London Borough of Sutton (25 011 825)
Category : Environment and regulation > Refuse and recycling
Decision : Closed after initial enquiries
Decision date : 16 Jan 2026
The Ombudsman's final decision:
Summary: We will not investigate Miss Y’s complaint about a missed household waste collection. There is insufficient injustice to justify our involvement and it is unlikely we could add to the Council’s investigation.
The complaint
- Miss Y complains about how the Council handled her report of a missed household waste collection. She says this caused stress, inconvenience, and costs arranging a private waste collection. She wants the Council to apologise, review its procedures, and pay compensation.
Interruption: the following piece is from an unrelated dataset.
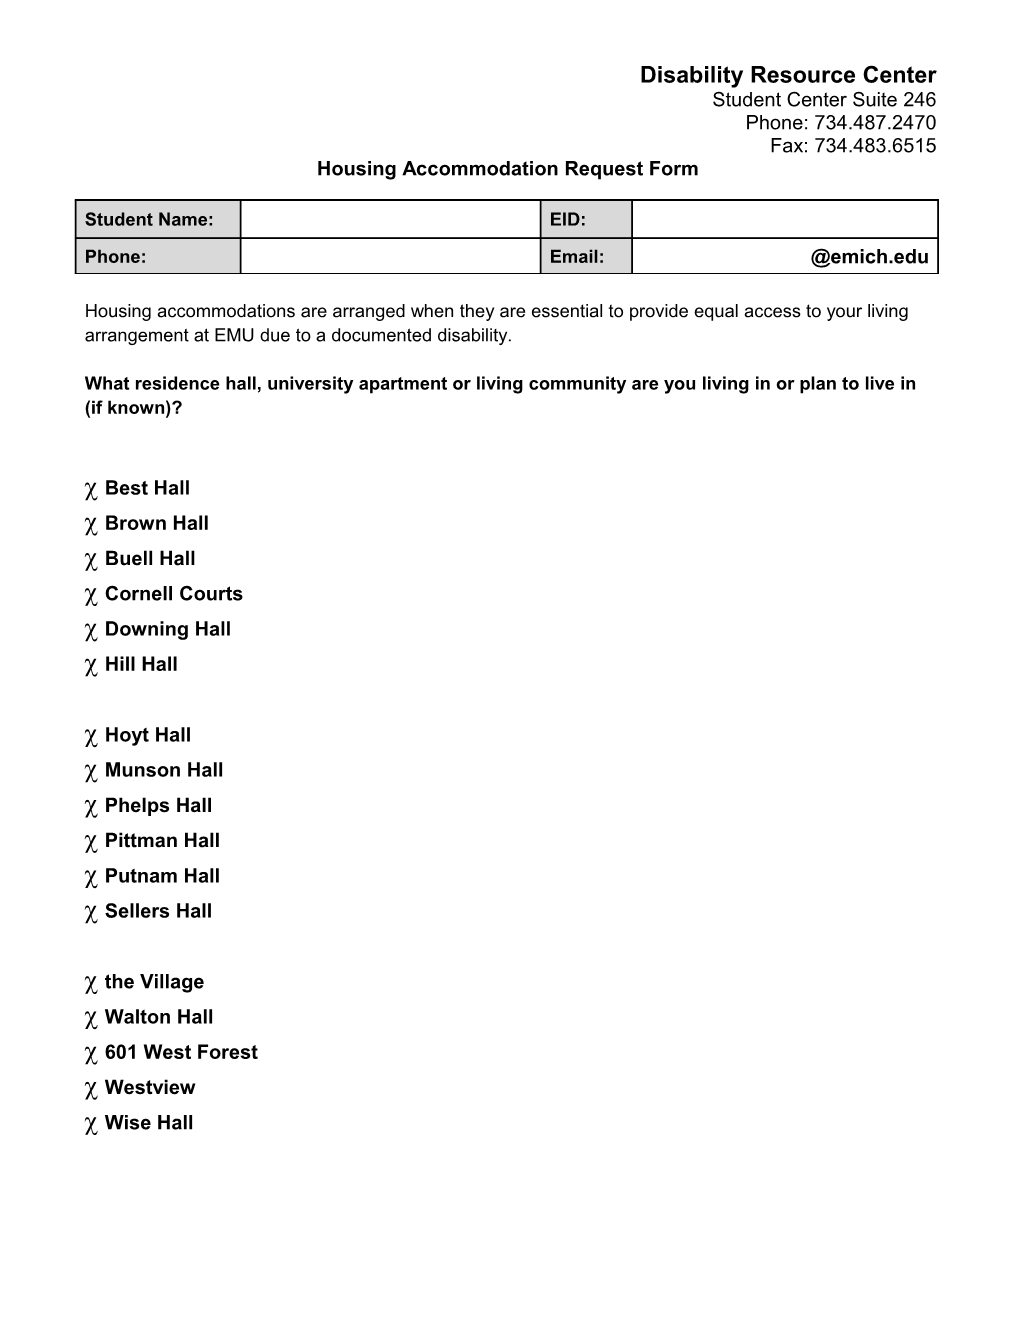 Housing Accommodation Request Form

The Ombudsman’s role and powers
- We investigate complaints about ‘maladministration’ and ‘service failure’, which we call ‘fault’. We must also consider whether any fault has had an adverse impact on the person making the complaint, which we call ‘injustice’. We provide a free service, but must use public money carefully. We do not start or continue an investigation if we decide:
- any injustice is not significant enough to justify our involvement, or
- we could not add to any previous investigation by the organisation.
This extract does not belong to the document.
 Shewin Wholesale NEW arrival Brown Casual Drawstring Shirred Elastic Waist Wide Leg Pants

(Local Government Act 1974, section 24A(6), as amended, section 34(B))
How I considered this complaint
- I considered information provided by the complainant, and the Ombudsman’s Assessment Code.
My assessment
- In its complaint response, the Council accepted it had missed a collection and partially upheld Miss Y’s complaint. It said it had arranged an additional collection in response, but there was no waste presented for collection on the relevant date.
- It said during its investigation, Miss Y had told the Council it was a House in Multiple Occupation (HMO), but the property’s landlord did not hold a valid HMO licence. It confirmed it had contacted the landlord about this, and the landlord had now applied for the licence. It said it would review the property’s collection service if the application was successful, so any additional waste resulting from multiple occupancy would be collected.
- The Council also confirmed it had ensured Miss Y could report any future missed collections for the property via its online service.
- We will not investigate this complaint. Our role is to consider complaints where the person bringing the complaint has suffered significant personal injustice as a direct result of the actions or inactions of the organisation. Although I accept this matter caused Miss Y frustration and inconvenience, I do not consider the threshold for investigation is met by one missed waste collection. It was Miss Y’s choice to arrange a private waste collection, so it is unlikely we would ask the Council to compensate her for this.
- Furthermore, the Council took action to address the missed collection and investigate the reasons it happened. It took steps to prevent missed collections for the property in future and to improve the reporting process for any such instances. It is therefore unlikely we could add to its investigation and response.
Final decision
- We will not investigate Miss Y’s complaint because there is insufficient injustice to justify our involvement and it is unlikely we could add to the Council’s investigation.